**PROBLEM TO SOLVE**
Copying rule for the data below: pictures stay out, and only the lines from the one with "Holabird Academy - Media Center Renovation" down to the one with "American Girl Doll", inclusive, are repeated exactly.

**GIVEN DATA**
──────
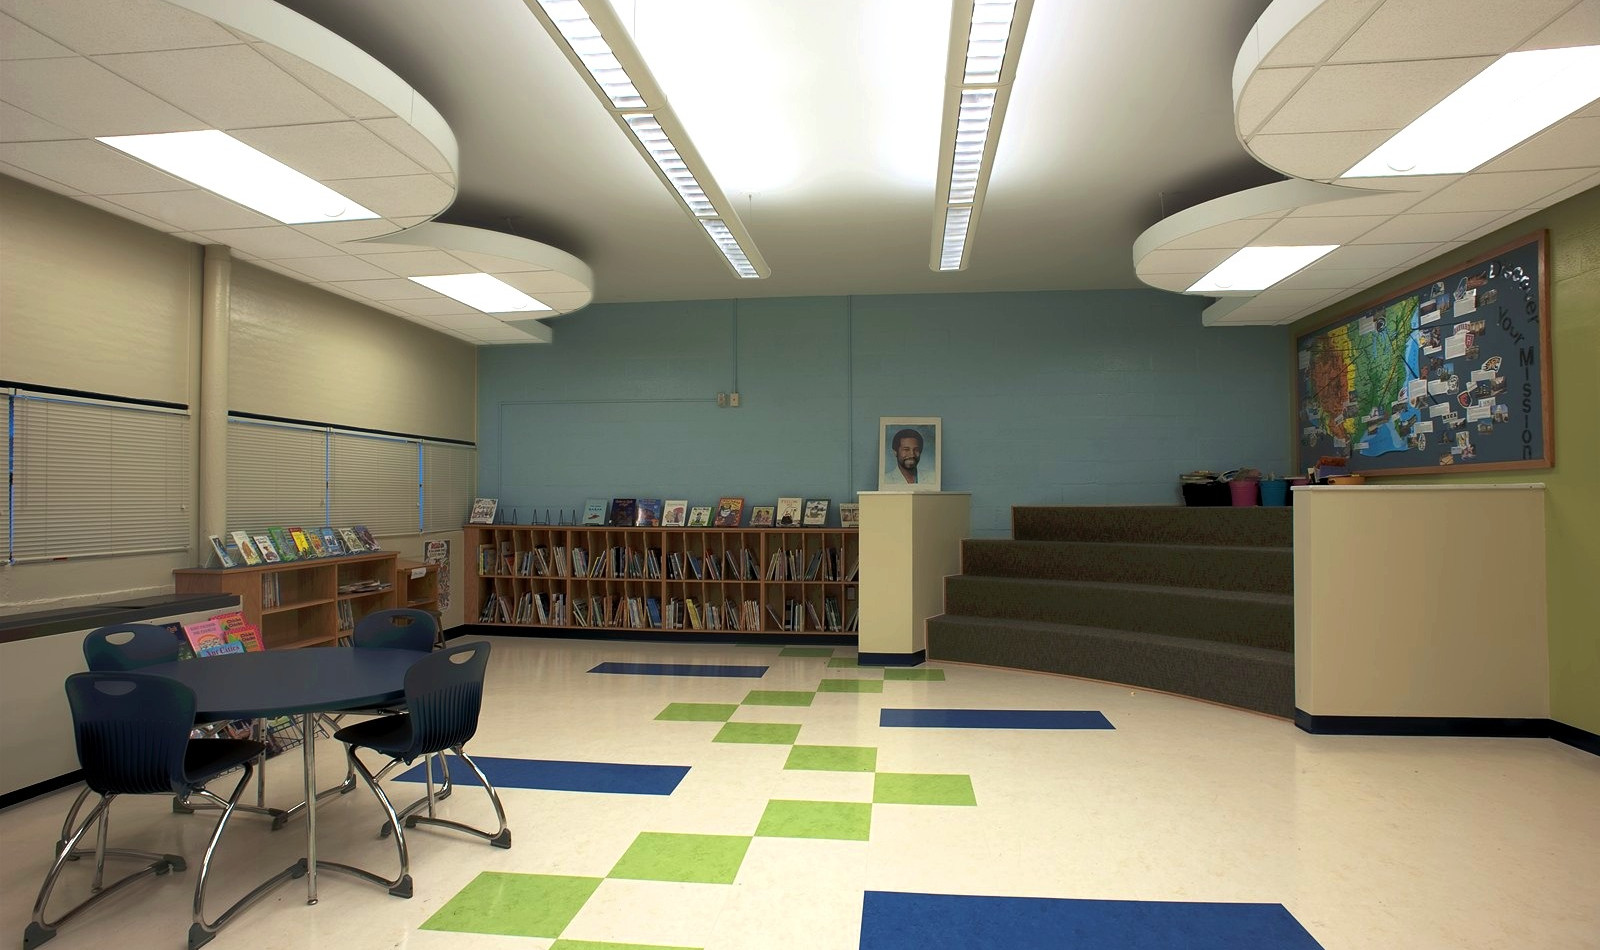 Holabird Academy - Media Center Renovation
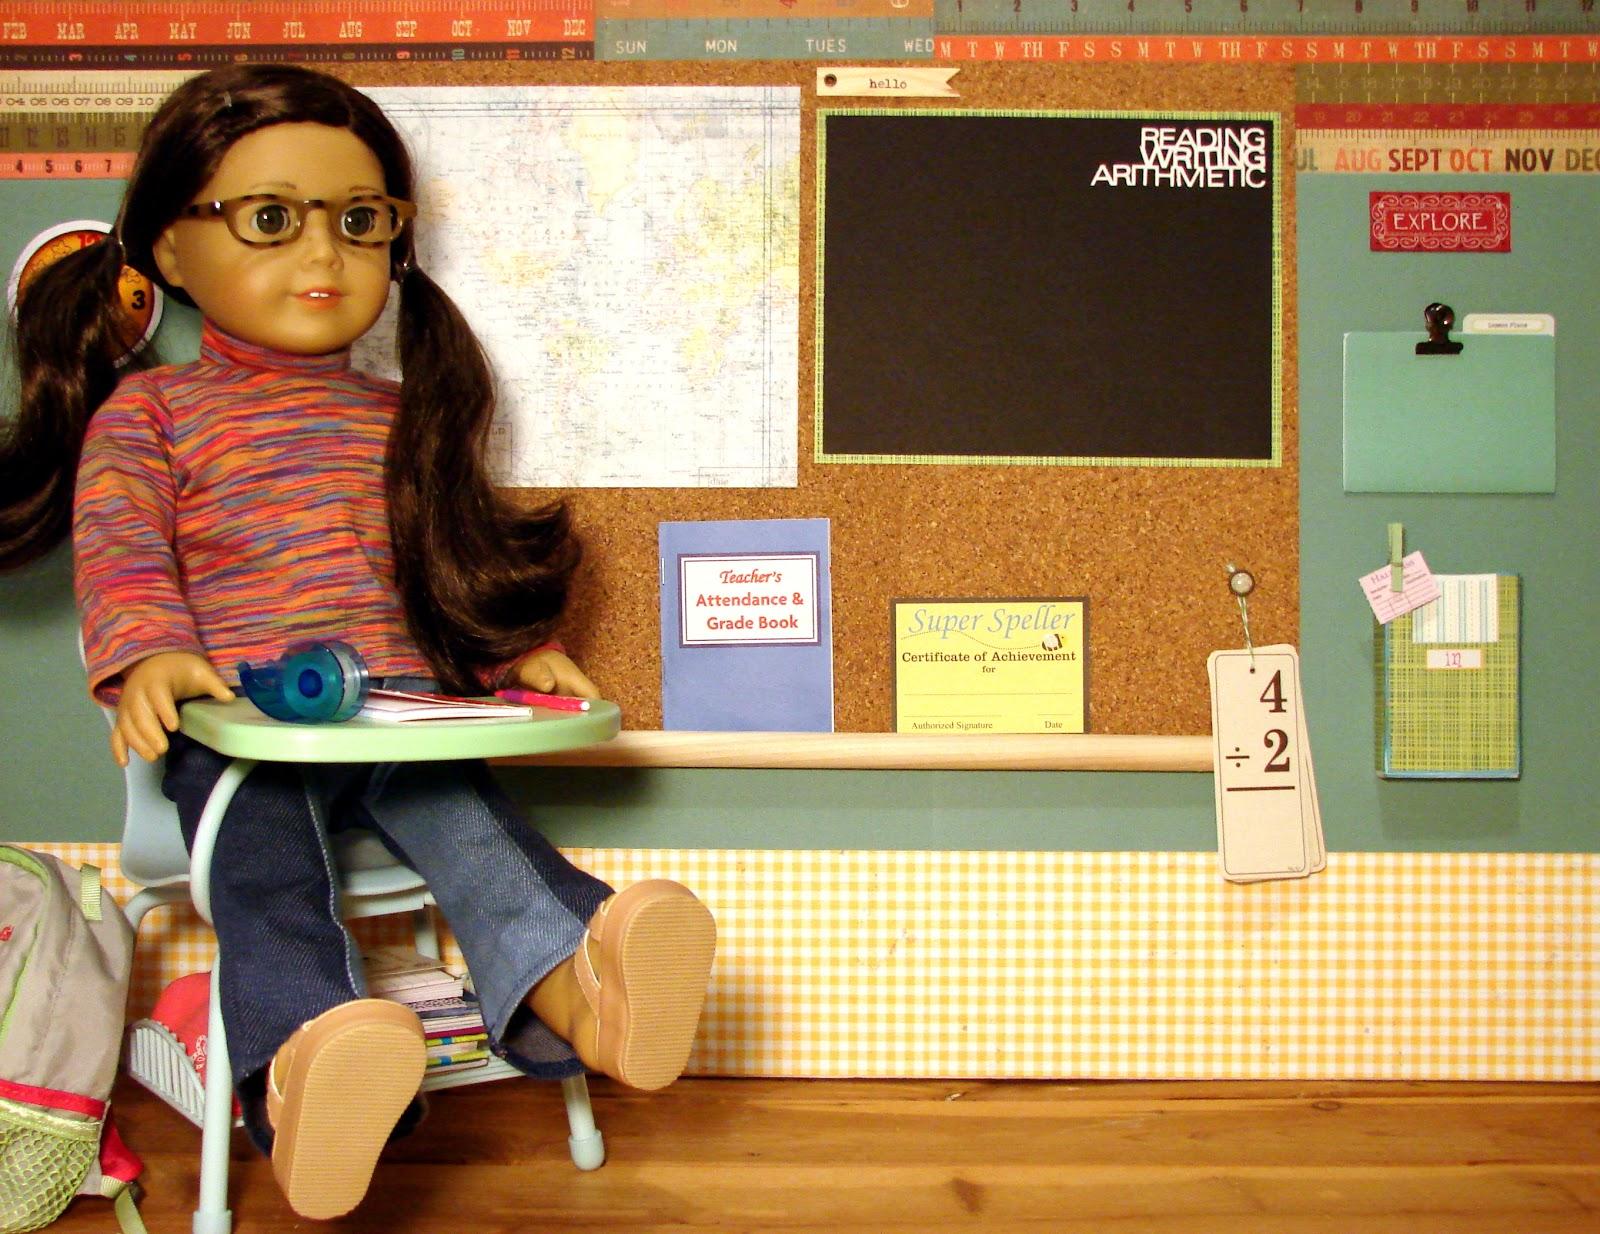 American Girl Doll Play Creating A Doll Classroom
──────
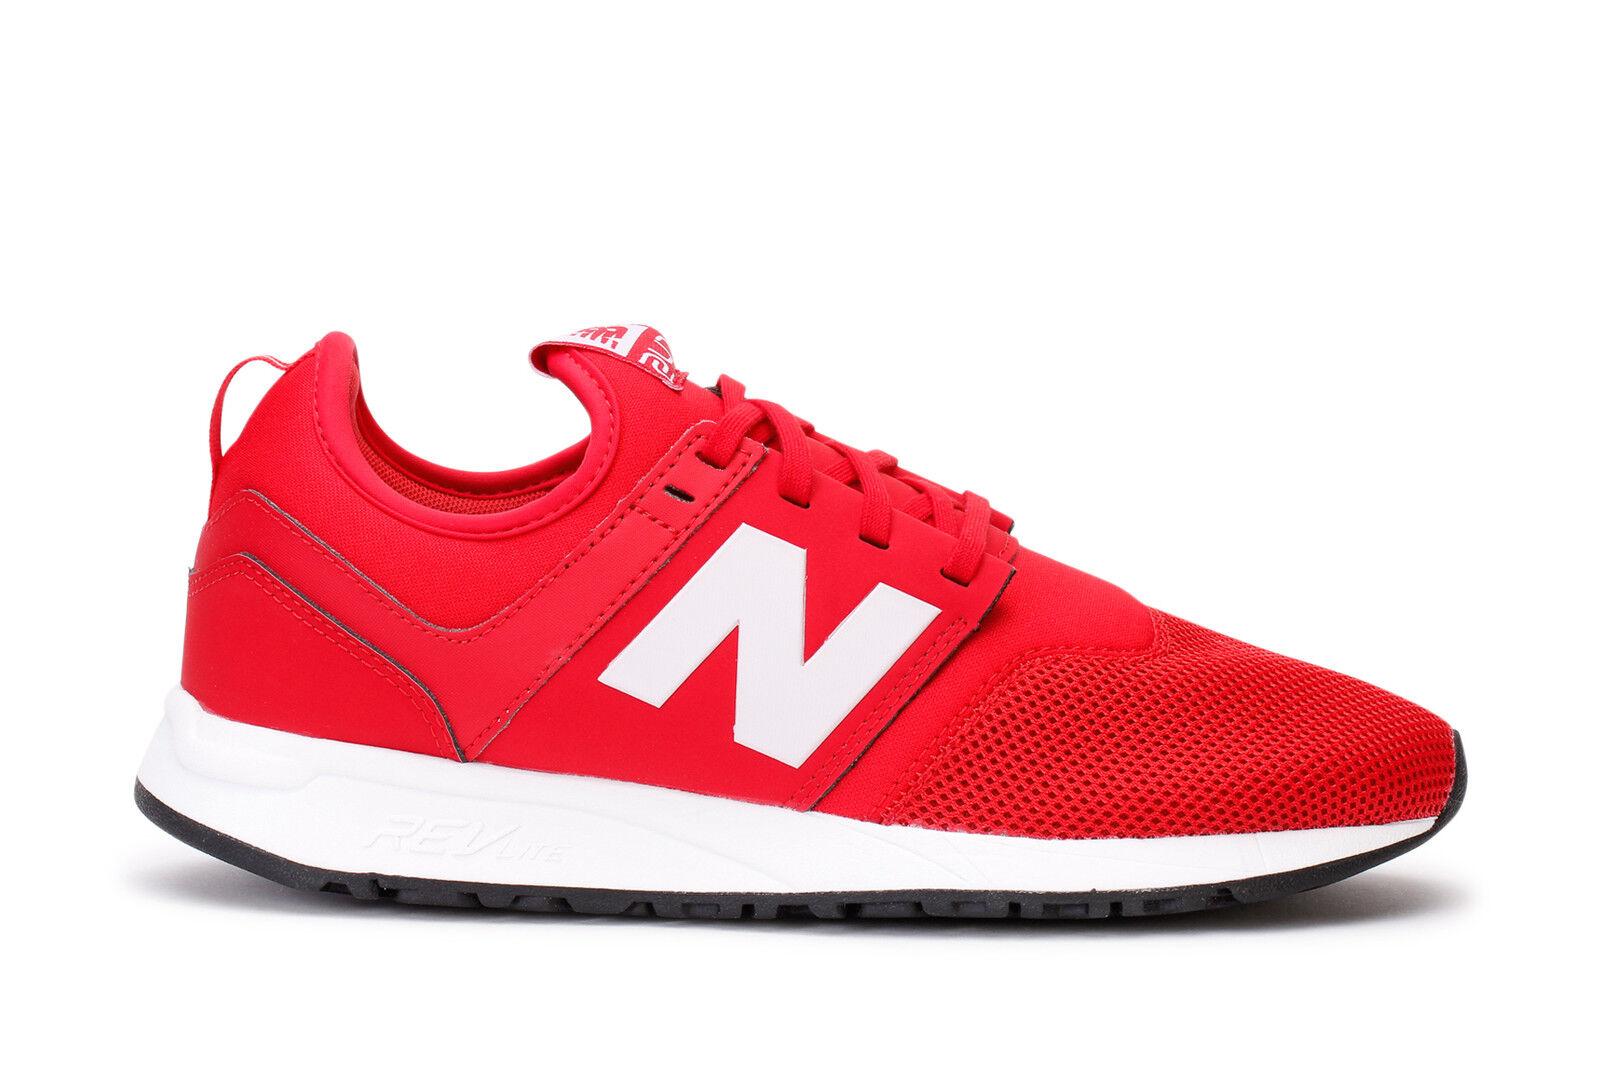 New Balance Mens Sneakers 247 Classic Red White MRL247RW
──────
**ANSWER AREA**
 Holabird Academy - Media Center Renovation
 American Girl Doll Play Creating A Doll Classroom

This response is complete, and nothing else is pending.